[TASK STATEMENT]
Starting with the line that contains "Pack 100er Zylinderschraube" and stopping after the line that contains "Samsung SF-430 manual", return each line below exactly as written, with no others.

==== DATA FOR THIS TASK ====

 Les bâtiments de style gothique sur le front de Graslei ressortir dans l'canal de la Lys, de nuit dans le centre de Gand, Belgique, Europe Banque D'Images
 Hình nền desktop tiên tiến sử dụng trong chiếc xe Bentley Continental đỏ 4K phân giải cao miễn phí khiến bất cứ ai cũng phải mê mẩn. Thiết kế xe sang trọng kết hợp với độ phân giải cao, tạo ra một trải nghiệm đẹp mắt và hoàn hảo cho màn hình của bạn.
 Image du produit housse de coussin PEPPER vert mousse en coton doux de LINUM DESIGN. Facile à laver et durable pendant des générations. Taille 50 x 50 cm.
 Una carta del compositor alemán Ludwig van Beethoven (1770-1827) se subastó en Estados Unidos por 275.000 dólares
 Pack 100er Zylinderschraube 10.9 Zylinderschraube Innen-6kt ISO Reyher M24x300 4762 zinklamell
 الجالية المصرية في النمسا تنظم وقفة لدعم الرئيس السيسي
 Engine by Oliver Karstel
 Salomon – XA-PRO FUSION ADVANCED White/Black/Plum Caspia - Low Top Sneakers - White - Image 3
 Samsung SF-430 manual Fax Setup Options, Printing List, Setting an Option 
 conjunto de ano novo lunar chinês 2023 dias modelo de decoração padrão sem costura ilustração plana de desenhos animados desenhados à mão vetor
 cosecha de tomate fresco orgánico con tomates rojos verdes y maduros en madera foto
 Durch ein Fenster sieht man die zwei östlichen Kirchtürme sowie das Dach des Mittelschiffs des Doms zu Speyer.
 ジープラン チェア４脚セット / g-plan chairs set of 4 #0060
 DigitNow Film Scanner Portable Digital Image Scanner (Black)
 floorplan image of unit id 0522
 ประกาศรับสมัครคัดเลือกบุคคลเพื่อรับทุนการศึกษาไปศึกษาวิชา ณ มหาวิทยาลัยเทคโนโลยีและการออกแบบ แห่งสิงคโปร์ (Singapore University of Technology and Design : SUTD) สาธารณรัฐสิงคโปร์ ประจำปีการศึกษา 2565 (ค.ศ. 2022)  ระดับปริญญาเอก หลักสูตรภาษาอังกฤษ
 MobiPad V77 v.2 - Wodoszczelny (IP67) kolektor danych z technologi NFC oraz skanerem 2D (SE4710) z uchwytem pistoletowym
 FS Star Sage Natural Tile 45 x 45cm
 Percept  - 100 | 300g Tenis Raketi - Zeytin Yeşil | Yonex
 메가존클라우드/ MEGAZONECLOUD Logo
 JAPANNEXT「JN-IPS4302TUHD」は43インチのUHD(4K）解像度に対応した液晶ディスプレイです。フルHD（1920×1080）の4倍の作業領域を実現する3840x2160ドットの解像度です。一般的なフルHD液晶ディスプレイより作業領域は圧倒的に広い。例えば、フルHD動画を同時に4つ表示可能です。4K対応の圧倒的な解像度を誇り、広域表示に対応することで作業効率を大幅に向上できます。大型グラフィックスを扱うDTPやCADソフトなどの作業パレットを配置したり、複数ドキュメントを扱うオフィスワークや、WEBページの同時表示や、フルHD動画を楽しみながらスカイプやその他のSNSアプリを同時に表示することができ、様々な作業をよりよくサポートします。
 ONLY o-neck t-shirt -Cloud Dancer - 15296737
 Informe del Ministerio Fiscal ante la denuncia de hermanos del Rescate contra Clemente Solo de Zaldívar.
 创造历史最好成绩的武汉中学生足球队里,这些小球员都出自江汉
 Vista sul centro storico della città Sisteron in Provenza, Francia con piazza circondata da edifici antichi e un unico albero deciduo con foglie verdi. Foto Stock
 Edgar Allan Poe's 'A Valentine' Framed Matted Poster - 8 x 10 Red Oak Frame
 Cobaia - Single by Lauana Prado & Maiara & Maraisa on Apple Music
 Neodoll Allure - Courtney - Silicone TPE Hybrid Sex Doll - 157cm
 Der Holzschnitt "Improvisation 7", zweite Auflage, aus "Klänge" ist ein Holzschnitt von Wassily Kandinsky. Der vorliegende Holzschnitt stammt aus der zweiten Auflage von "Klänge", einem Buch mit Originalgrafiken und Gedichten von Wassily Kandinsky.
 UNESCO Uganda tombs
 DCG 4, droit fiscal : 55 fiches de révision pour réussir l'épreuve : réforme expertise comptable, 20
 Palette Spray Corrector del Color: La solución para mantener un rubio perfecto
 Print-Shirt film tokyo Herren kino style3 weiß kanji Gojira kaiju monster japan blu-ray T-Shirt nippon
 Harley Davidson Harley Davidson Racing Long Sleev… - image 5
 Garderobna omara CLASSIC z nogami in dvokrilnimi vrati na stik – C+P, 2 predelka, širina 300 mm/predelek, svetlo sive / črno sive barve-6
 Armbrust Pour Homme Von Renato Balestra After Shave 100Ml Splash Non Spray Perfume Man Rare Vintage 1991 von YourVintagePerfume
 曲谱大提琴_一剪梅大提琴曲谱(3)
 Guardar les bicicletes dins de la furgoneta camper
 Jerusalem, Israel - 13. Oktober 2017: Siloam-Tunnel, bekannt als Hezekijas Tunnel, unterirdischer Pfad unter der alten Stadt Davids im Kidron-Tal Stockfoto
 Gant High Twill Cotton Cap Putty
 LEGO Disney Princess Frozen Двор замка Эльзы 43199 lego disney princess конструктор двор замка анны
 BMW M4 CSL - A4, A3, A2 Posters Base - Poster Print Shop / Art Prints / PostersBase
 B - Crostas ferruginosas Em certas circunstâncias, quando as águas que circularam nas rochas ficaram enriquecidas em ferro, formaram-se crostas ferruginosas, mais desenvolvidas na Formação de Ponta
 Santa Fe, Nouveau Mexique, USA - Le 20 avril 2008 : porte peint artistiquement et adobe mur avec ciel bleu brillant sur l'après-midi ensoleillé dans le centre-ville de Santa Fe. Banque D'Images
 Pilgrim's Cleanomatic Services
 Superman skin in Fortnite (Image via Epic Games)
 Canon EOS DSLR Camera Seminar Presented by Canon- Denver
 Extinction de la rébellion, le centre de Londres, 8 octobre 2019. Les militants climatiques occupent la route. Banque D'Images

====

[TASK SOLUTION]
 Pack 100er Zylinderschraube 10.9 Zylinderschraube Innen-6kt ISO Reyher M24x300 4762 zinklamell
 الجالية المصرية في النمسا تنظم وقفة لدعم الرئيس السيسي
 Engine by Oliver Karstel
 Salomon – XA-PRO FUSION ADVANCED White/Black/Plum Caspia - Low Top Sneakers - White - Image 3
 Samsung SF-430 manual Fax Setup Options, Printing List, Setting an Option 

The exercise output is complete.